2. It lies between $a$ and $b \gt a$ inclusive (where $b$ and $a$ are independent of $x$),

then (by definition) its likelihood is $${\Pr}_{F_\theta}(a \le x \le b) = F_\theta(b) - F_\theta(a).$$ The likelihood of a set of independent observations therefore is the product of such expressions, one per observation. The log-likelihood, as usual, will be the sum of logarithms of those expressions.

---

As an example, here is an R implementation where the values of $a$ are in the vector left, the values of $b$ in the vector right, and $F_\theta$ is Lognormal. (This is not a general-purpose solution; in particular, it assumes that $b \gt a$ and $b \ne a$ for all the data.)

#
# Lognormal log-likelihood for interval data.
#
lambda <- function(mu, sigma, left, right) {
  sum(log(pnorm(log(right), mu, sigma) - pnorm(log(left), mu, sigma)))
}

To find the maximum log likelihood we need a reasonable set of starting values for the log mean $\mu$ and log standard deviation $\sigma$. This estimate replaces each interval by the geometric mean of its endpoints:

#
# Create an initial estimate of lognormal parameters for interval data.
#
lambda.init <- function(left, right) {
  mid <- log(left * right)/2
  c(mean(mid), sd(mid))
}

Let's generate some random lognormally distributed data and bin them into intervals:

set.seed(17)
n <- 12                     # Number of data
z <- exp(rnorm(n, 6, .5))   # Mean = 6, SD = 0.5
left <- 100 * floor(z/100)  # Bin into multiples of 100
right <- left + 100

The fitting can be performed by a general-purpose multivariate optimizer. (This one is a minimizer by default, so it must be applied to the negative of the log-likelihood.)

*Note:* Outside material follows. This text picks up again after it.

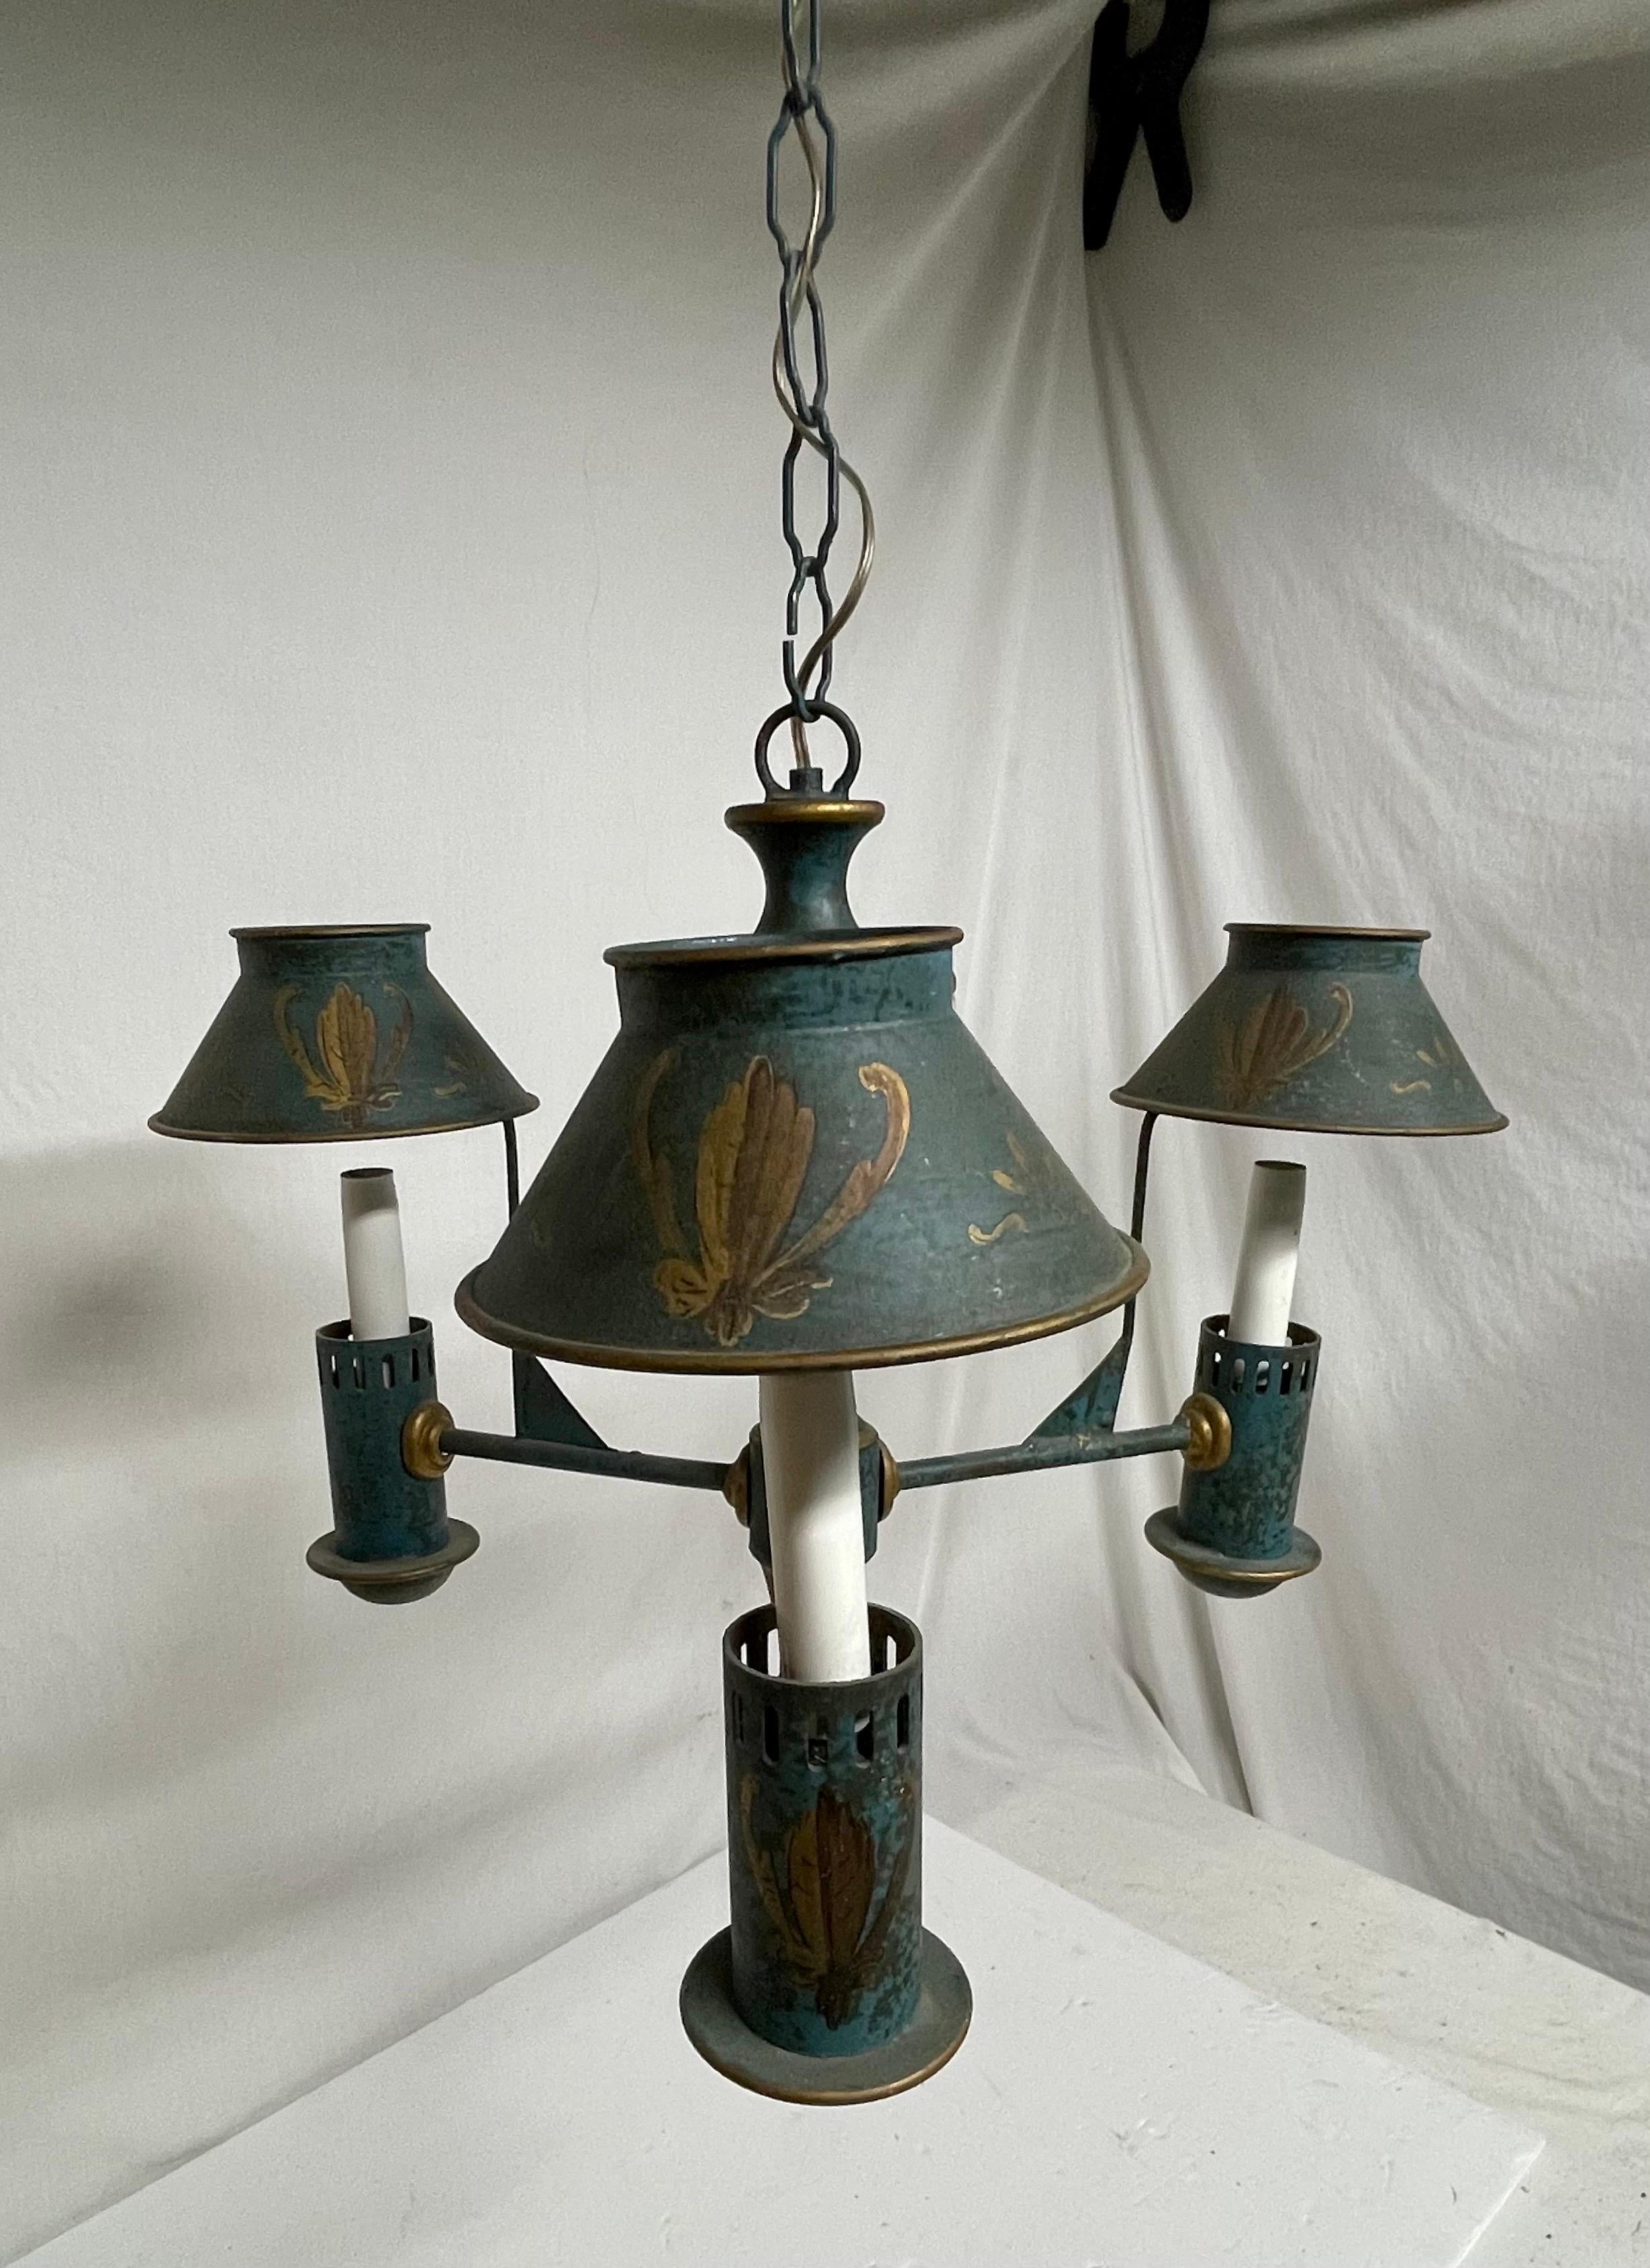 Tole painted three light chandelier. Hand painted metal frame with three metal attached shades. 35

fit <- optim(lambda.init(left,right), 
             fn=function(theta) -lambda(theta[1], theta[2], left, right))
fit$par

6.1188785 0.3957045

The estimate of $\mu$ is $6.12$, not far from the intended value of $6$, and the estimate of $\sigma$ is $0.40$, not far from the intended value of $0.5$: not bad for just $12$ values. To see how good the fit is, let's plot the empirical cumulative distribution function and the fitted distribution function. To construct the ECDF, I just interpolate linearly through each interval:

#
# ECDF of the data.
#
F <- function(x) (1 + mean((abs(x - left) - abs(x - right)) / (right - left)))/2

y <- sapply(x <- seq(min(left) * 0.8, max(right) / 0.8, 1), F)
plot(x, y, type="l", lwd=2, lty=2, ylab="Cumulative probability")
curve(pnorm(log(x), fit$par[1], fit$par[2]), from=min(x), to=max(x), col="Red", lwd=2, 
  add=TRUE)

Because the vertical deviations are consistently small and vary both up and down, it looks like a good fit.